To install Modin with Ray as the backend,
pip install modin[ray]
Note
To install Modin with Dask as the backend,
pip install modin[dask]
Let’s dive right in!
Let’s import the necessary dependencies.
from typing import List, NamedTuple
import flytekitplugins.modin # noqa: F401
import modin.pandas
import ray
from flytekit import task, workflow
from sklearn.datasets import load_wine
from sklearn.metrics import accuracy_score
from sklearn.model_selection import train_test_split
from sklearn.neighbors import KNeighborsClassifier
ray.shutdown() # close previous instance of ray (if any)
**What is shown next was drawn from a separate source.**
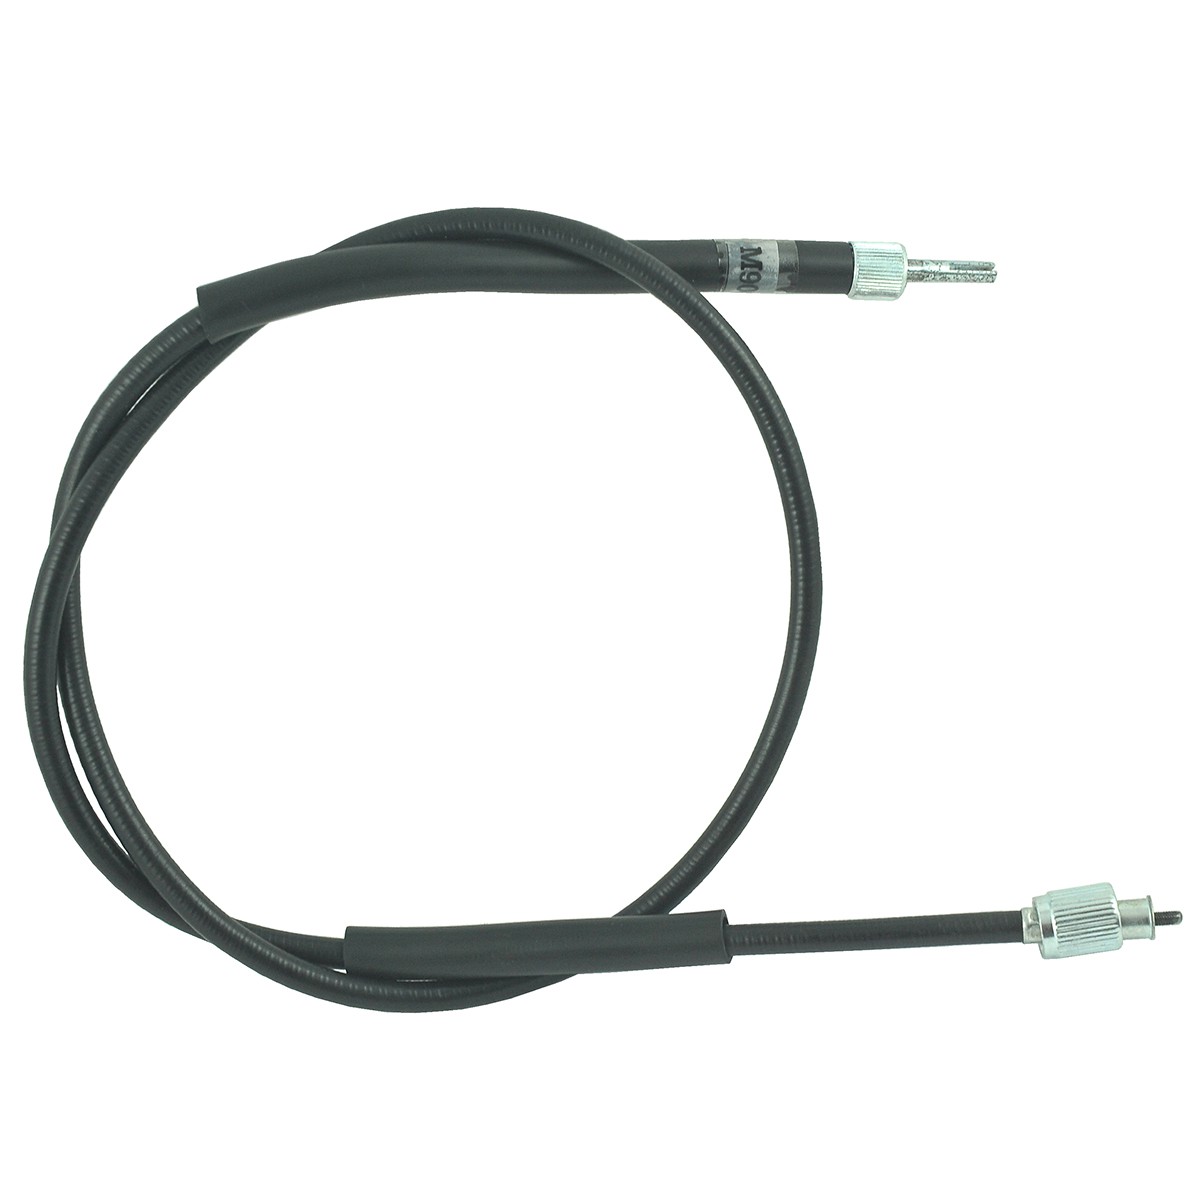 Cable contador / 1050 mm / Kubota L1802/L2002/L2202/L2402/L2602/L2850/L2900/L3010/L3250/L3300/M6800/M8200/M9000 / 38240-34655
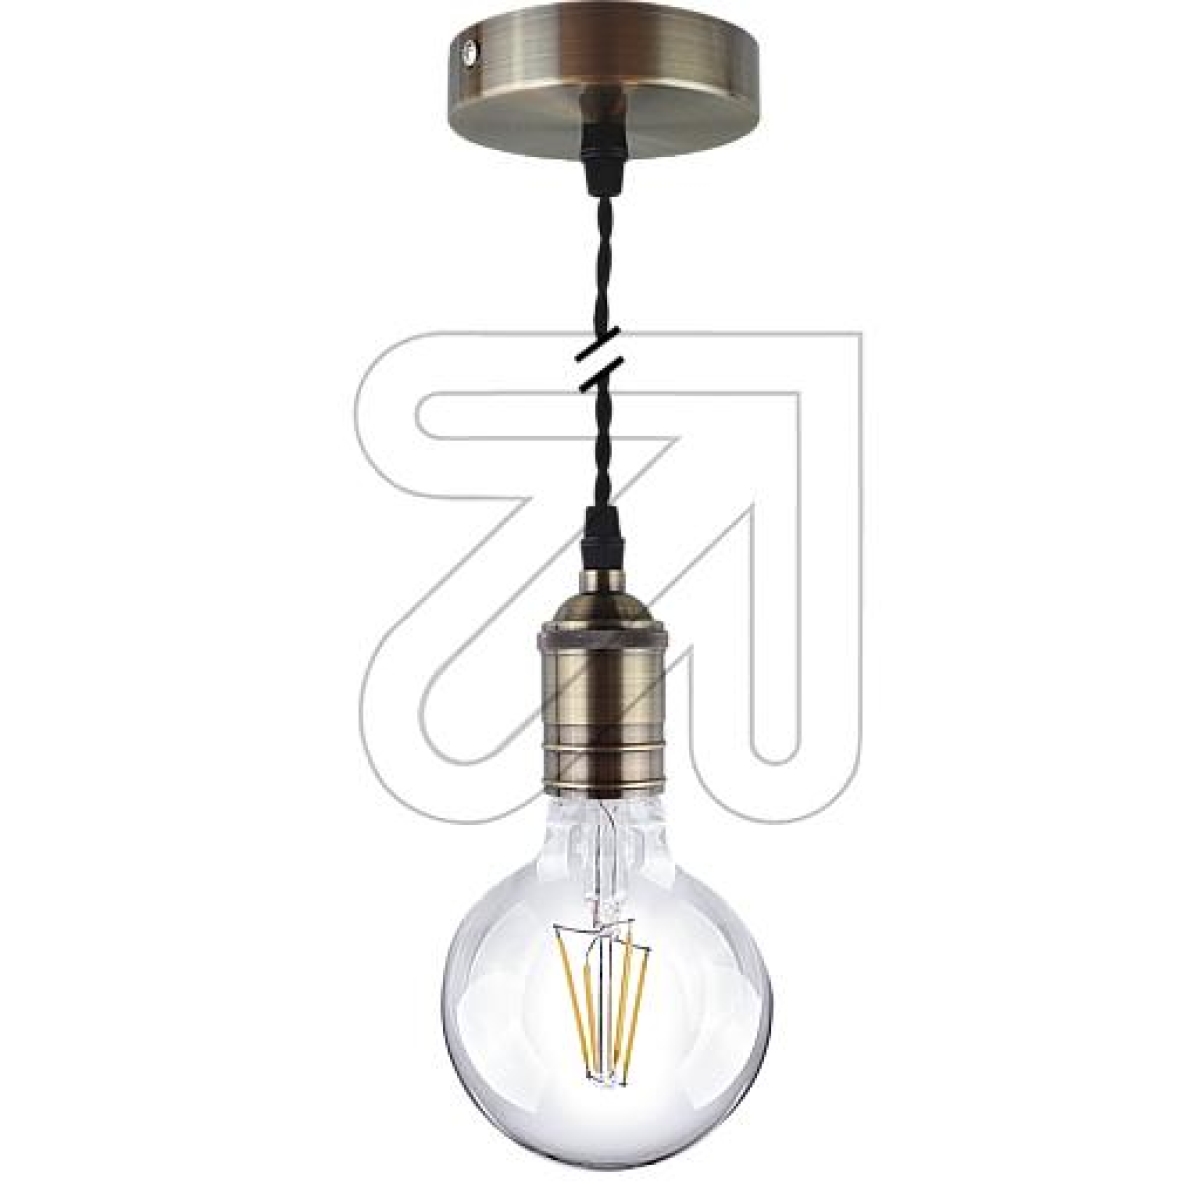 LEDmaxxMetal lamp pendulum bronze PLM009

ray.init(num_cpus=2) # open a new instance of ray
split_data = NamedTuple(
"split_data",
train_features=modin.pandas.DataFrame,
test_features=modin.pandas.DataFrame,
train_labels=modin.pandas.DataFrame,
test_labels=modin.pandas.DataFrame,
)
We define a task that processes the wine dataset after loading it into the environment.
@task
def preprocess_data() -> split_data:
wine = load_wine(as_frame=True)
# convert features and target (numpy arrays) into Modin DataFrames
wine_features = modin.pandas.DataFrame(data=wine.data, columns=wine.feature_names)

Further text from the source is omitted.